Ages 7-11 were the best years so far. Not that great, but it was the period where I was closest and most comfortable with and around my friends. At age 10-11, which was the final year of primary school I had a large group of friends and we all got on really well and life was easy and relaxed. The atmosphere in our classroom was great as well, there was no pressure and we learned about really interesting things. Also, this sounds cliche, but it seemed to always be sunny back then.
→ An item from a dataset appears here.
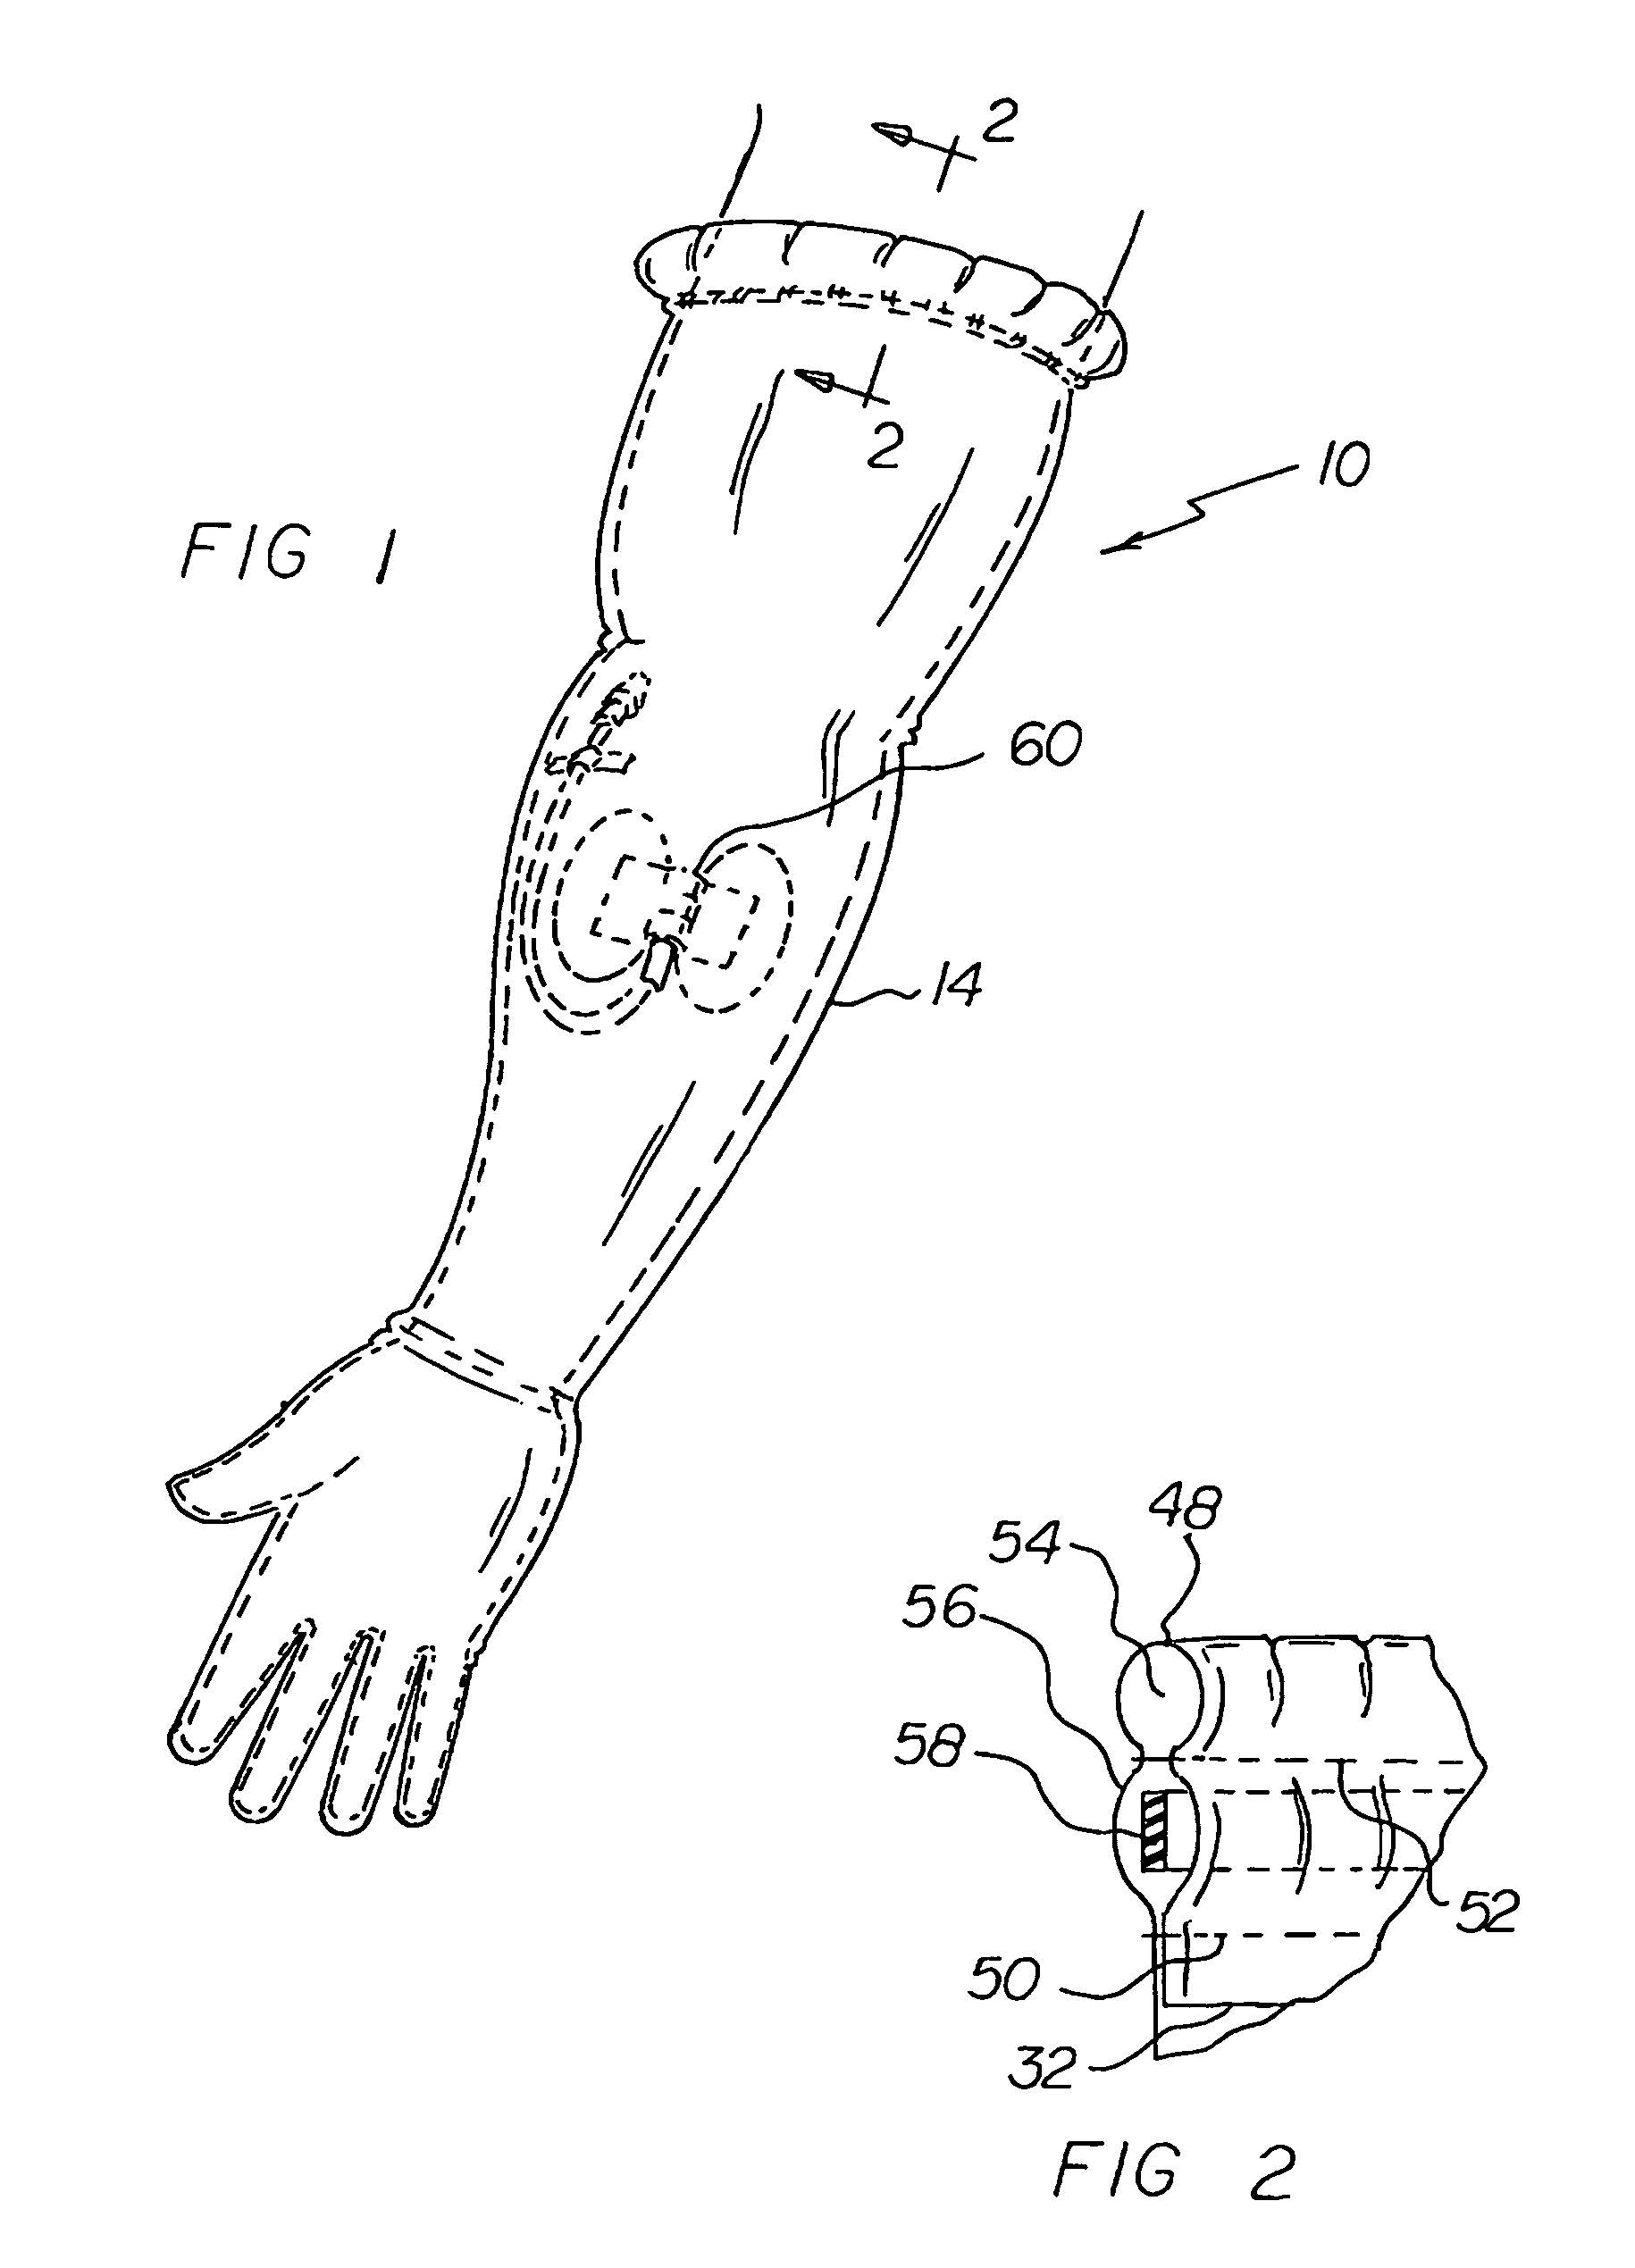 Shower/glove system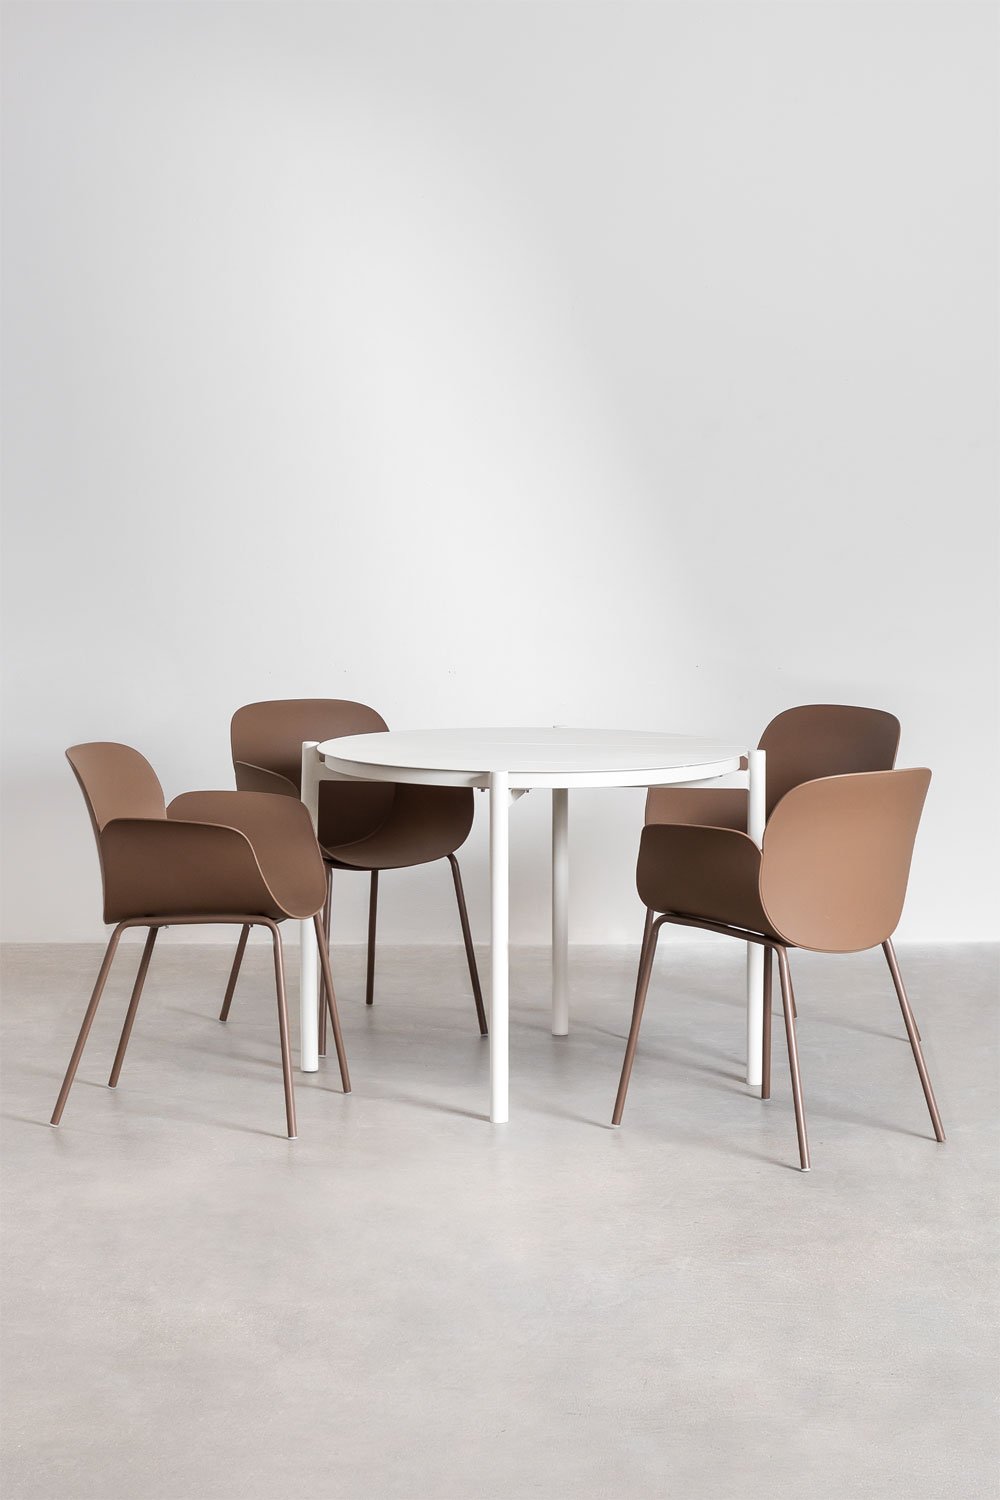 Zestaw okrągłego stołu aluminiowego Elton (średnica 109 cm) i 4 krzesła ogrodowe Lynette, obrazek w galerii 1

However, when we went up to secondary school next year, everything just turned to ****. Our friendship group kind of went our separate ways, and although we still talked and spent time with each other, we started to notice differences between us, which grew over the course of secondary school. We finished school a month ago, and I have seen my friends twice since we left school, and realised we are all quite different. Now I'm worried what's going to happen, and whether or not we'll stay friends, or whether or not I'll make new ones.


----------



## Ballerina (Jul 14, 2011)

March, April and May of 2006.


----------



## no one in particular (Jul 20, 2011)

id say up until year 3 in school
until then i was so naive, i had no worries. mummy took care of all my problems, i didnt know themeaning of rejection and the thought of dying alone didnt matter. how times have changed
the most recent happy period was when i kissed my friend, we were both drunk at a party and sh was pissed at her boyfriend so we ended up making out
i know it was wrong but i was so happy that she picked me and i finally go to know what a kiss was like


----------



## leonardess (Jun 30, 2009)

last may's wasn't bad.


----------



## sas111 (Oct 20, 2010)

Basically my childhood (10 & under) I had it pretty good, loads of good memories with my freinds, neighbors, & family, but all good things come to an end.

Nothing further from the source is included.